--- START ---
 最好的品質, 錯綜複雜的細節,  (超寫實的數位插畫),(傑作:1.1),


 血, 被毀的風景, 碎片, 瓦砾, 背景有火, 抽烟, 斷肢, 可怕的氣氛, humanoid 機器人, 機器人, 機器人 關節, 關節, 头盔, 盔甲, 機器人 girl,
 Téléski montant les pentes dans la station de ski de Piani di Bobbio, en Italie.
--- END ---
--- START ---
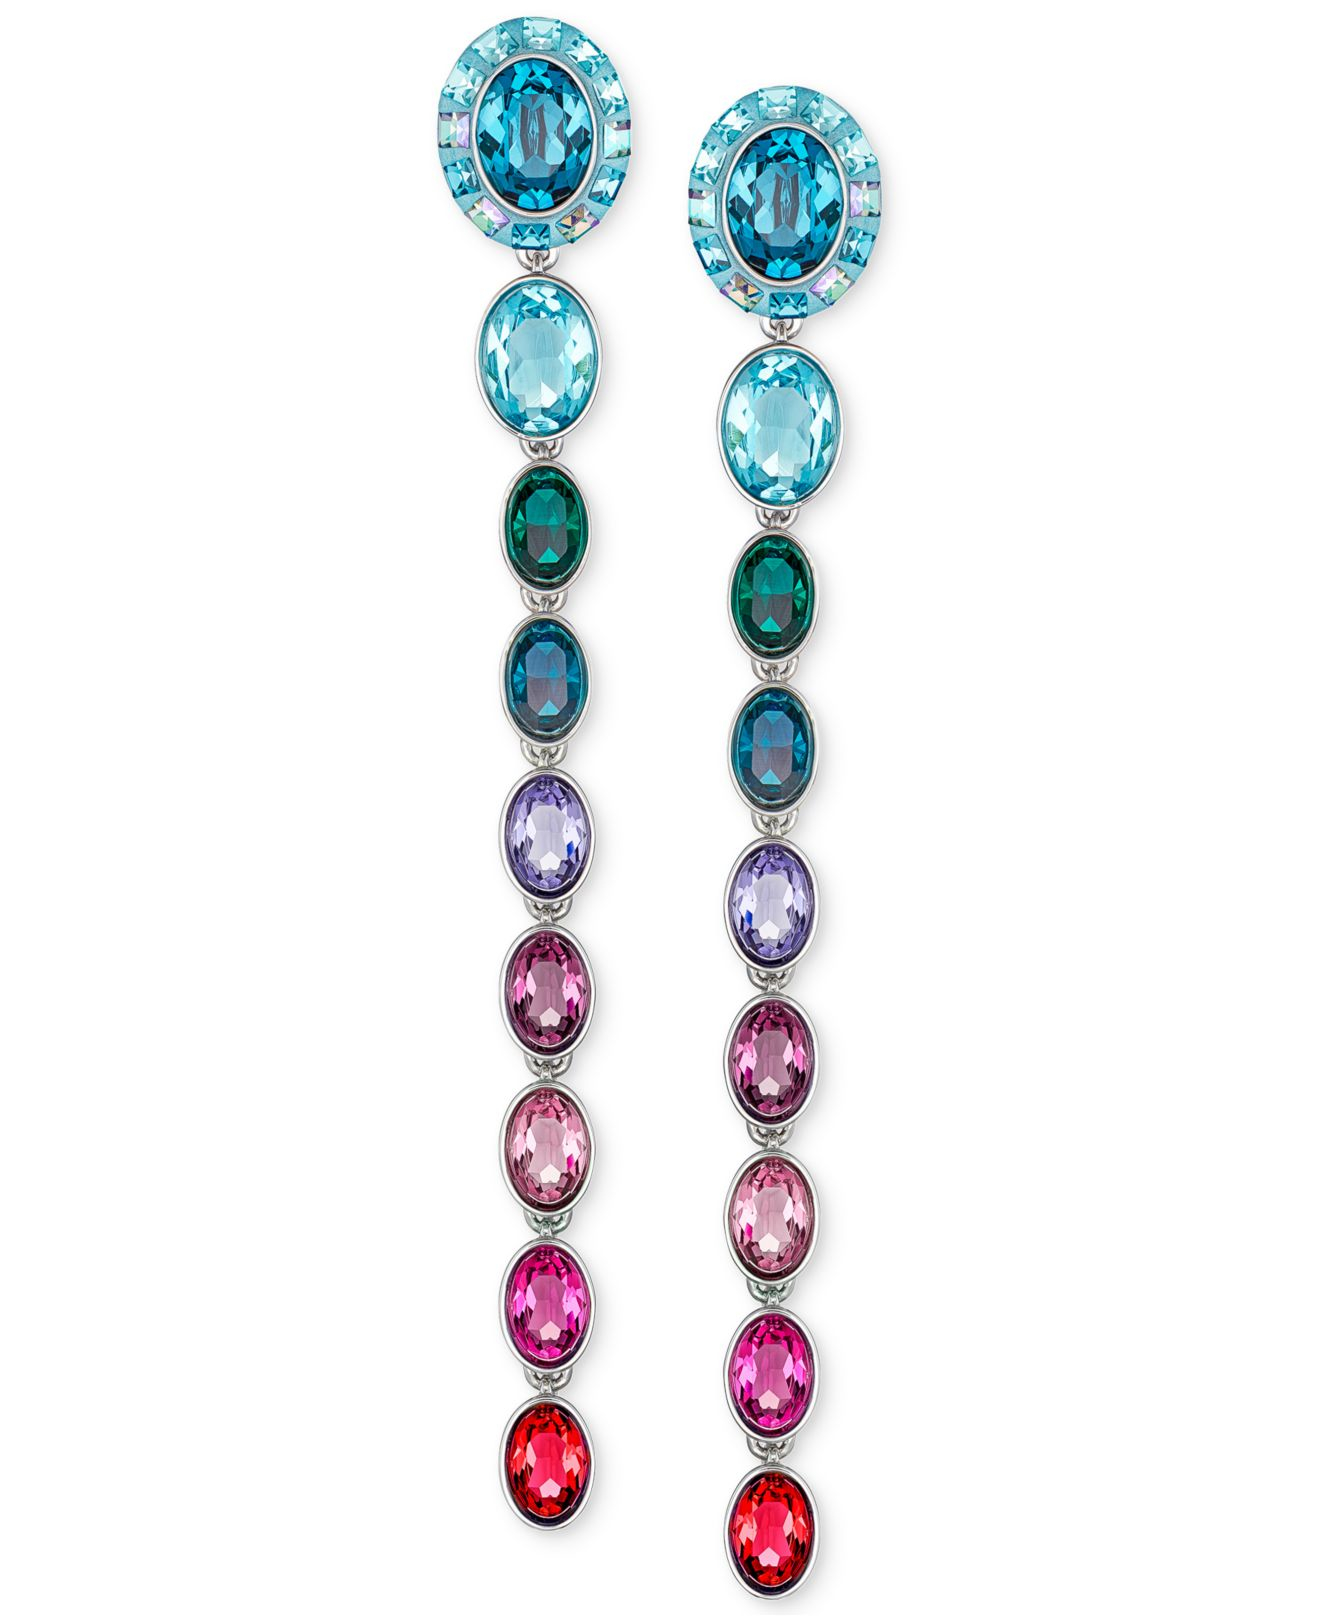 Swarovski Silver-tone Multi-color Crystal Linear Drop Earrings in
--- END ---
* _Task objective_
Only the lines above from the one with "血, 被毀的風景, 碎片, 瓦砾, 背景有火, 抽烟, 斷肢, 可怕的氣氛, humanoid" up to and including the one with "Téléski montant les" should be repeated, exactly as written.

* _Reply_
 血, 被毀的風景, 碎片, 瓦砾, 背景有火, 抽烟, 斷肢, 可怕的氣氛, humanoid 機器人, 機器人, 機器人 關節, 關節, 头盔, 盔甲, 機器人 girl,
 Téléski montant les pentes dans la station de ski de Piani di Bobbio, en Italie.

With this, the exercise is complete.